Quote from JedRothwell

That is unfair to Mizuno, and highly inaccurate. Pure luck had nothing to do with it. First, he does know a great deal of science, especially electrochemistry. He survived post-graduate work with Bockris. No one does that who is not good at chemistry. Second, he used methods similar to those used by premodern technologists, such as the people who built Ancient Rome and London before 1600, and who invented most of the technology we use today such as mining, printing, glass, iron, steel, bridges, tools of every sort, ships capable of bringing millions of people to the Americas, and so on. Nearly every machine, technology, building method and other aspect of civilization was developed by people who had no knowledge of science, and no knowledge of atoms or the nature of combustion (for example).

These people, and Mizuno, used intelligent trial and error. That is, trial and error guided by observation and common sense. He does a test, and looks at the data and methods carefully. He does another test, changing one variable. The result improves. He changes the variable again. This is time consuming and expensive. Research guided by theory would be a lot easier. But this method does work. Technology reached high levels of sophistication and complexity long before any modern theory was possible.

Jed, my comment has no relationship to Mizuno's skill as a scientist or his skill at measuring excess energy. The question is, "Why did he think this method would cause LENR"? I have seen no justification from him or anyone to think this method would work, other than my theory, which he apparently did not use or fully understand. Nevertheless, his method was a brilliant idea. It is a method not explored before, so trying this is important. Nevertheless, success has to have a great deal of luck because he shows very little understanding about what is expected to happen.

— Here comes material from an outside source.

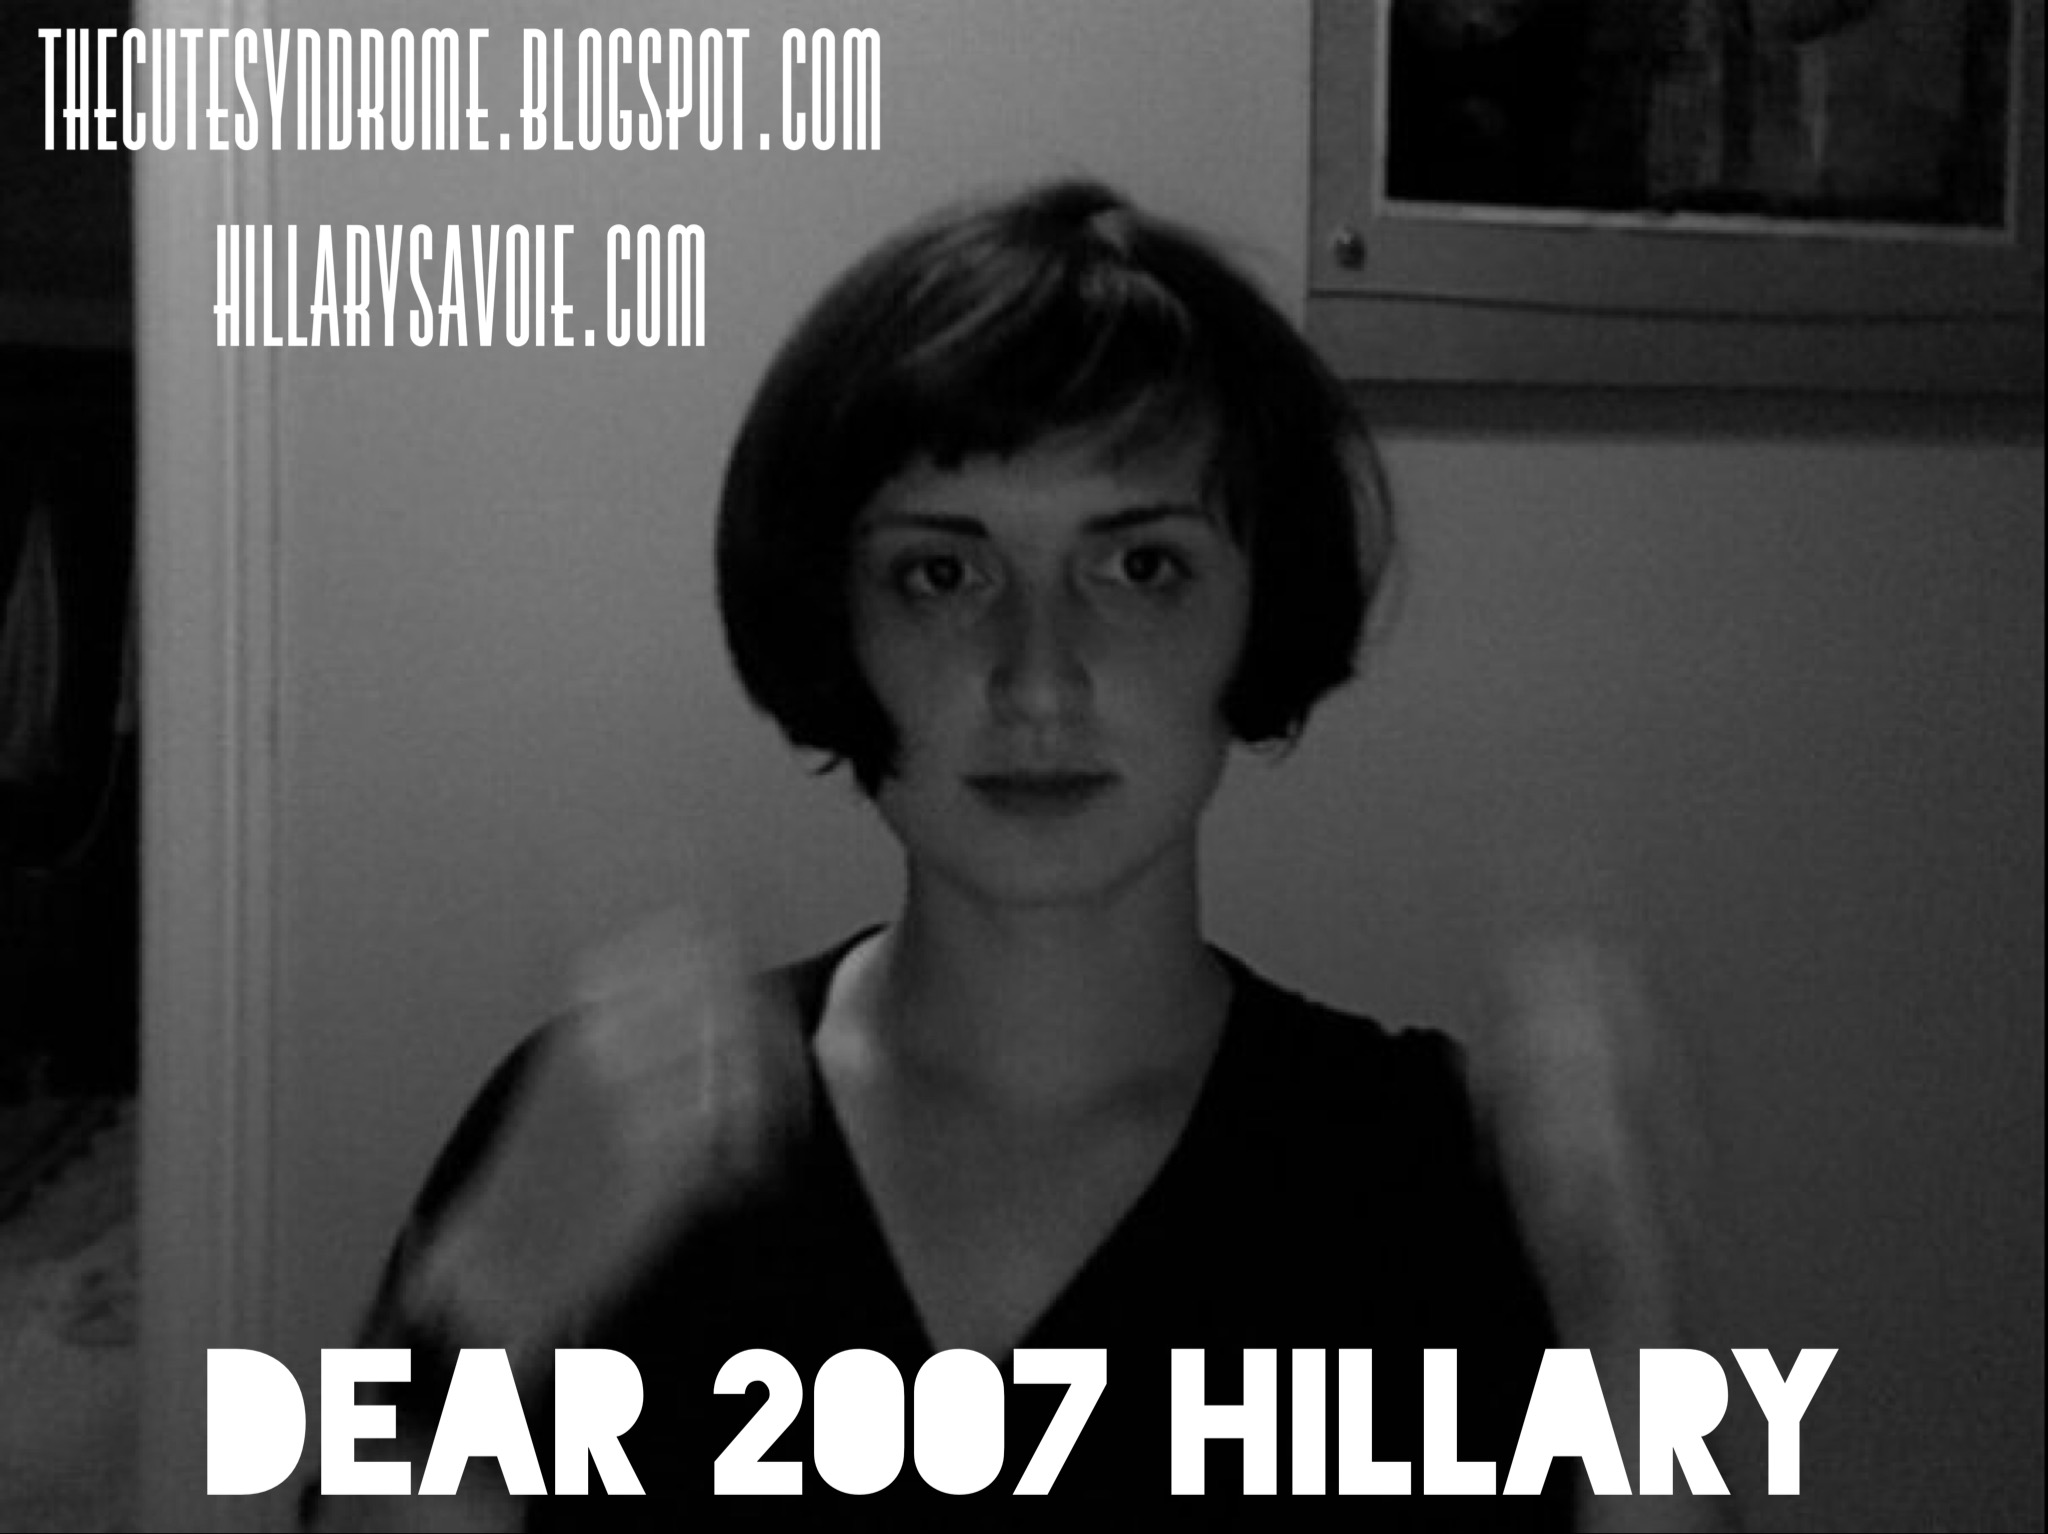 Dear 2007 Hillary

Also, use of a mesh would appear to be counterproductive ifor causing the largest effect . He apparently used this form of Ni so that he could get good thermal contact with the wall of the container. This reason is important but not related to an understanding of LENR. But perhaps I'm underestimating his reasons. Perhaps he can explain why he used this method and why he thought it would cause LENR.

Many methods have been used to treat Pd in ways thought to create active material. Some improved success and some do not. None have been replicated with sufficient success to convince the skeptics and provide a method that can support research, i.e. be a lab rat. While some people claim success, others using the same treatment prodigal fail, apparently because some variation of the treatment was important but was not applied in the correct way. That is why I say luck is involved because no one knows exactly why their method works. Until this knowledge is obtained and applied, we can expect repeated failure. Until people wake up and realize this difficulty has no relationship to the reality of LENR, skepticism will continue.

Quote

Give the money to friend and ask her to donate it.

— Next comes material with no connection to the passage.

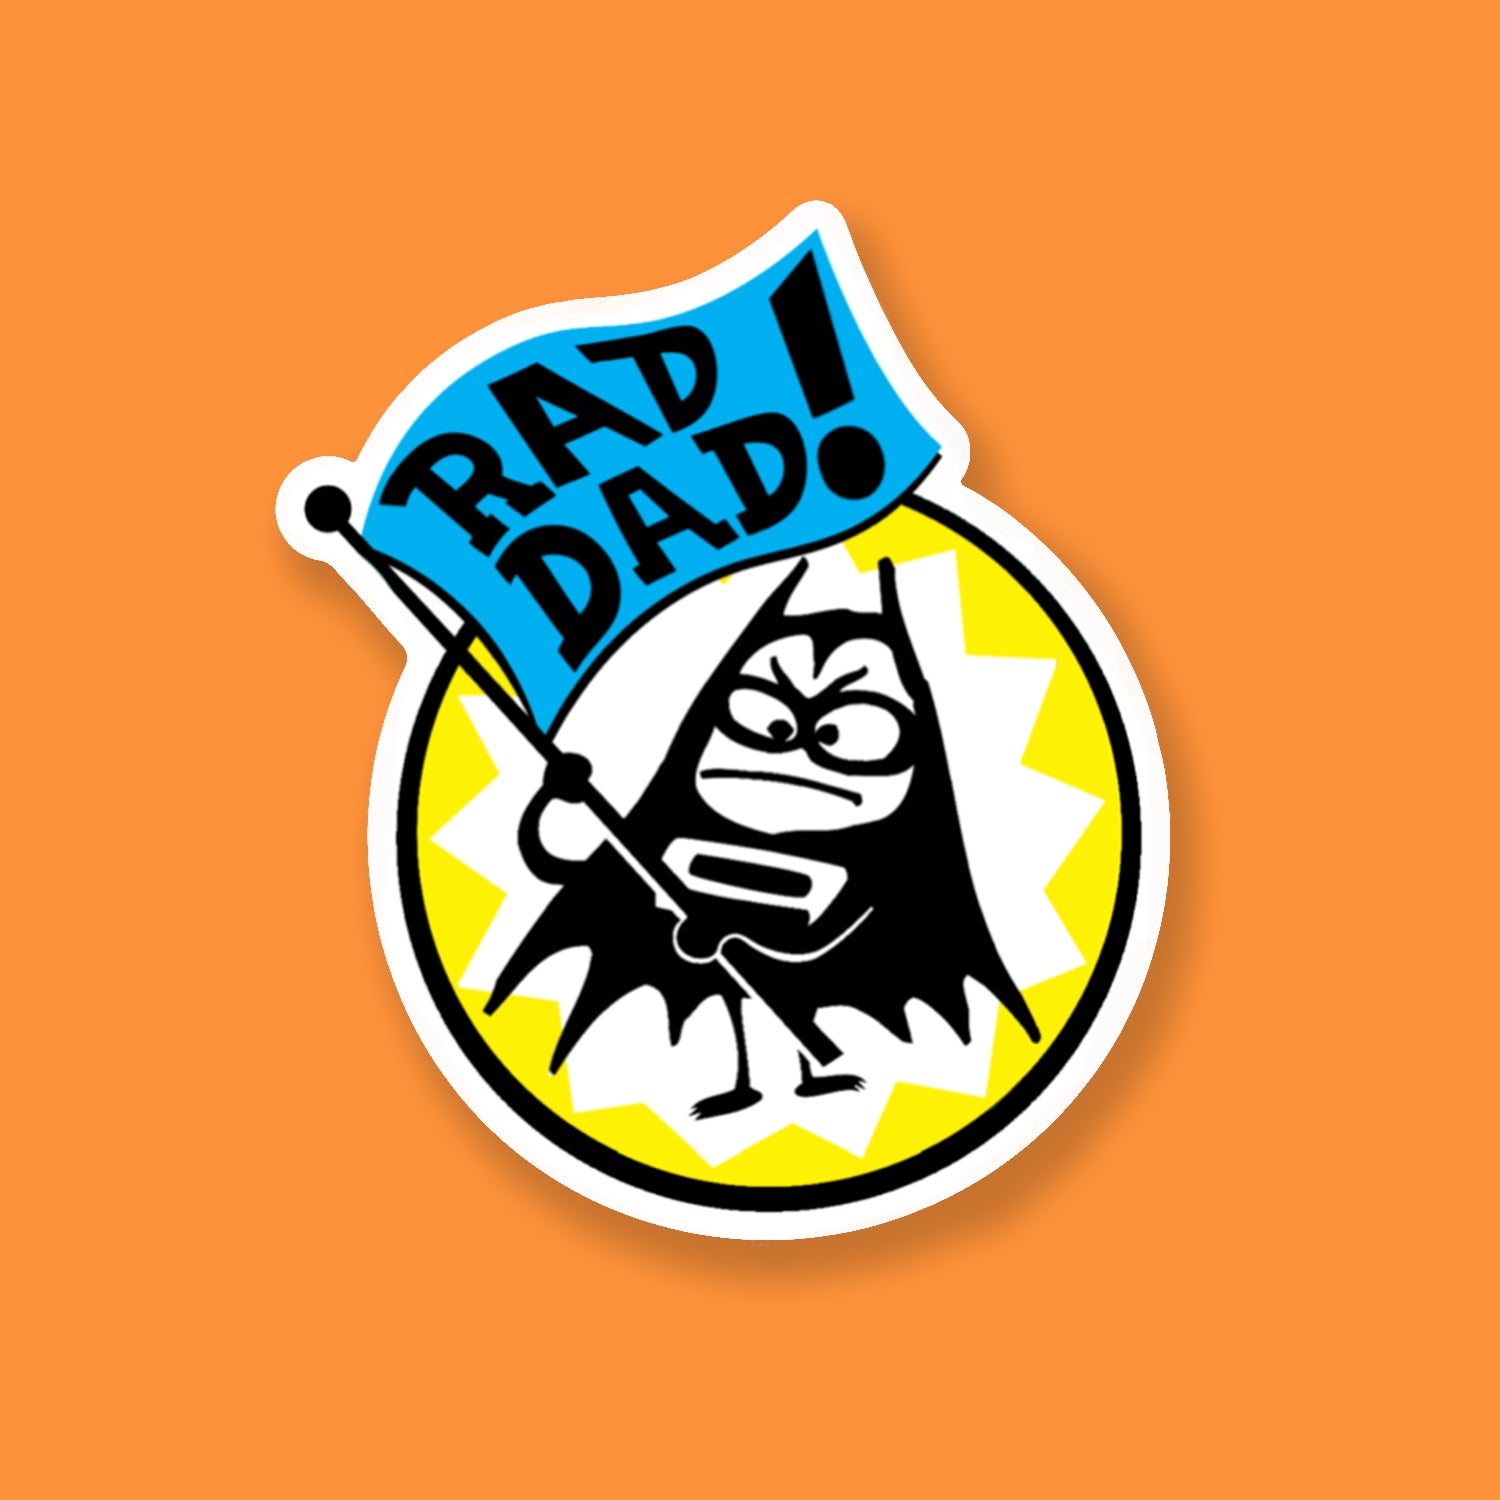 Lil Bat "Rad Dad!" Deluxe Decal

Hit me over the head with a 2x4 but I never thought of that. I will. Is the campaign still underway?

Quote

But why do you care?

Nasty and uncalled for and illustration of the attitude that often is the reason LENR is scorned or ignored.

RE: thermal camera.

Paradigmnoia Thanks. I was unaware of the distinction. One inexpensive imager is 7-14 and the other one is (!) unspecified as to spectral range, so yeah. They do have emissivity adjustments in software.

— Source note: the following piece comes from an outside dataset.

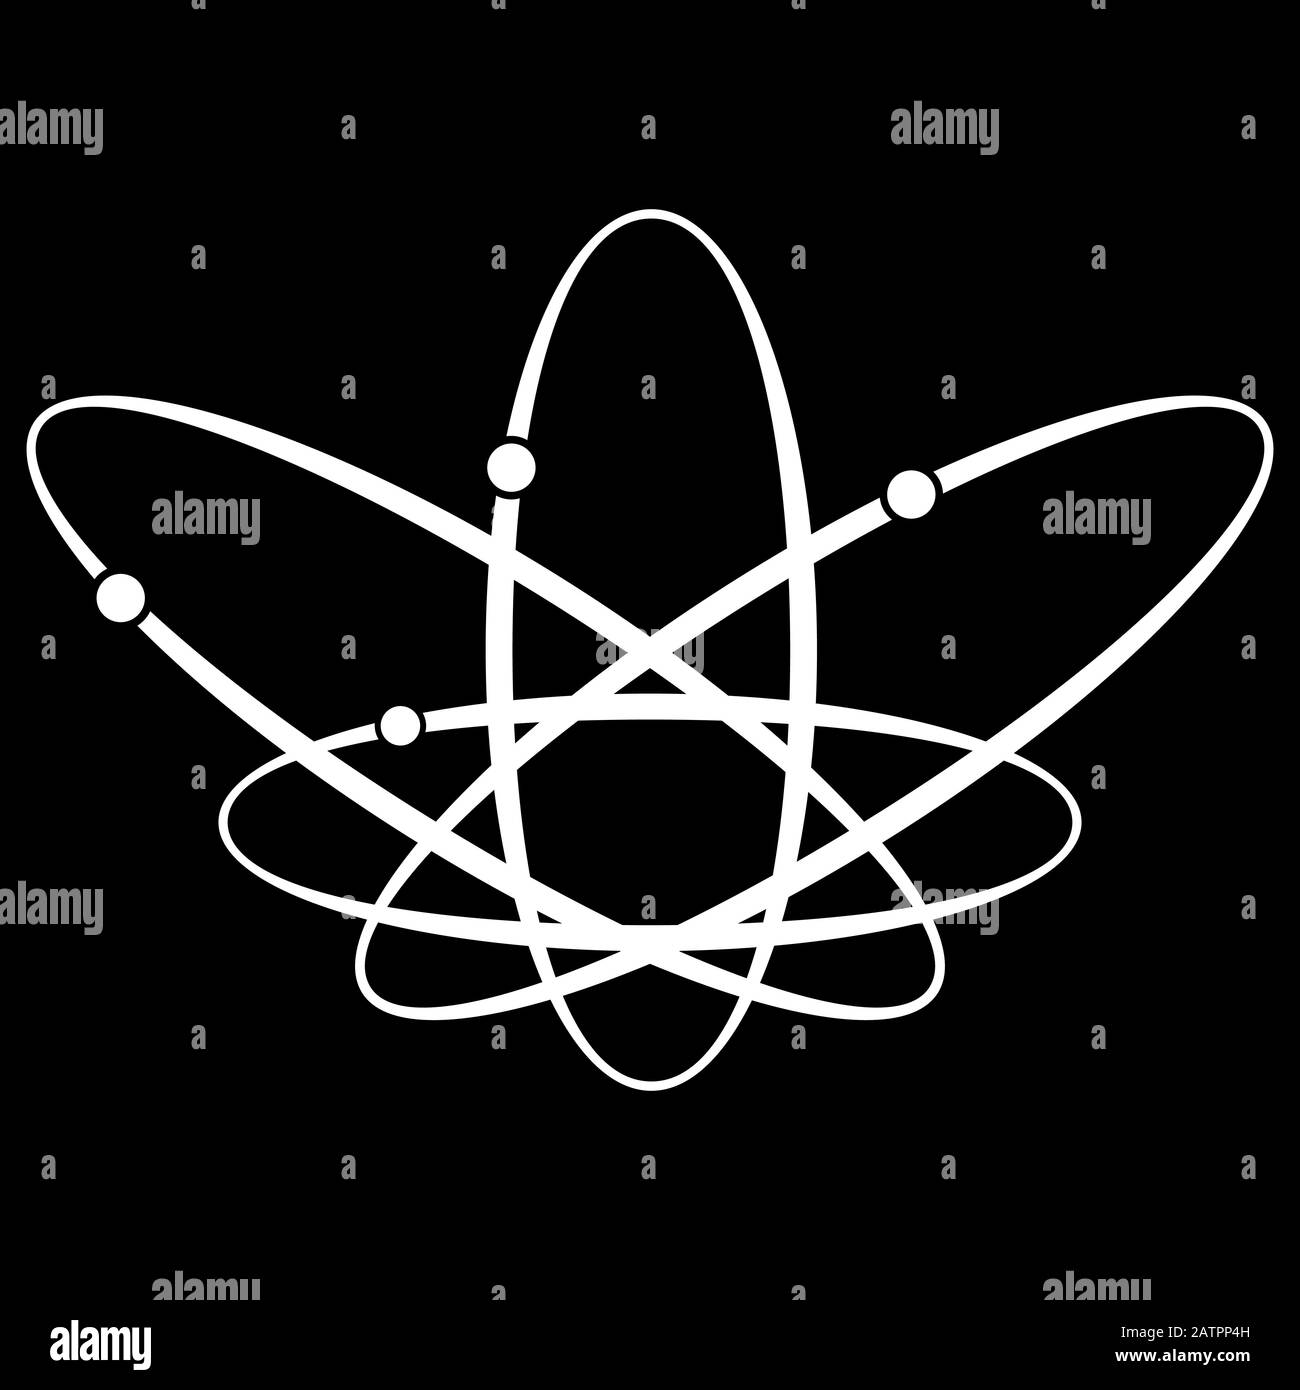 Átomo con electrones. Representación esquemática del átomo, diseño científico Ilustración del Vector

JedRothwell Obviously I was asking for thermal imaging of the R20 at 3kW, not the older version with 300W out and a feeble power ratio. That one would not make a cup of tea. OK, never mind. This is probably going to turn out to be a rout. But I wish you well.

Quote from JedRothwell

You can tell that instantly. The fan would probably draw more power. Plus you would glance at the anemometer, see that the air speed was lower and either cancel the test or fix the problem.

You check all parameters and all instruments, several times a day.

The anemometer being hooked up all the time is a good idea. Which position of the outlet does it monitor?

However, the impression from the papers is that the blower power is being used to calculate, via a semi-empirical formula, the air velocity based on prior testing. So an increase in blower power would be expected to represent an increase in blower speed.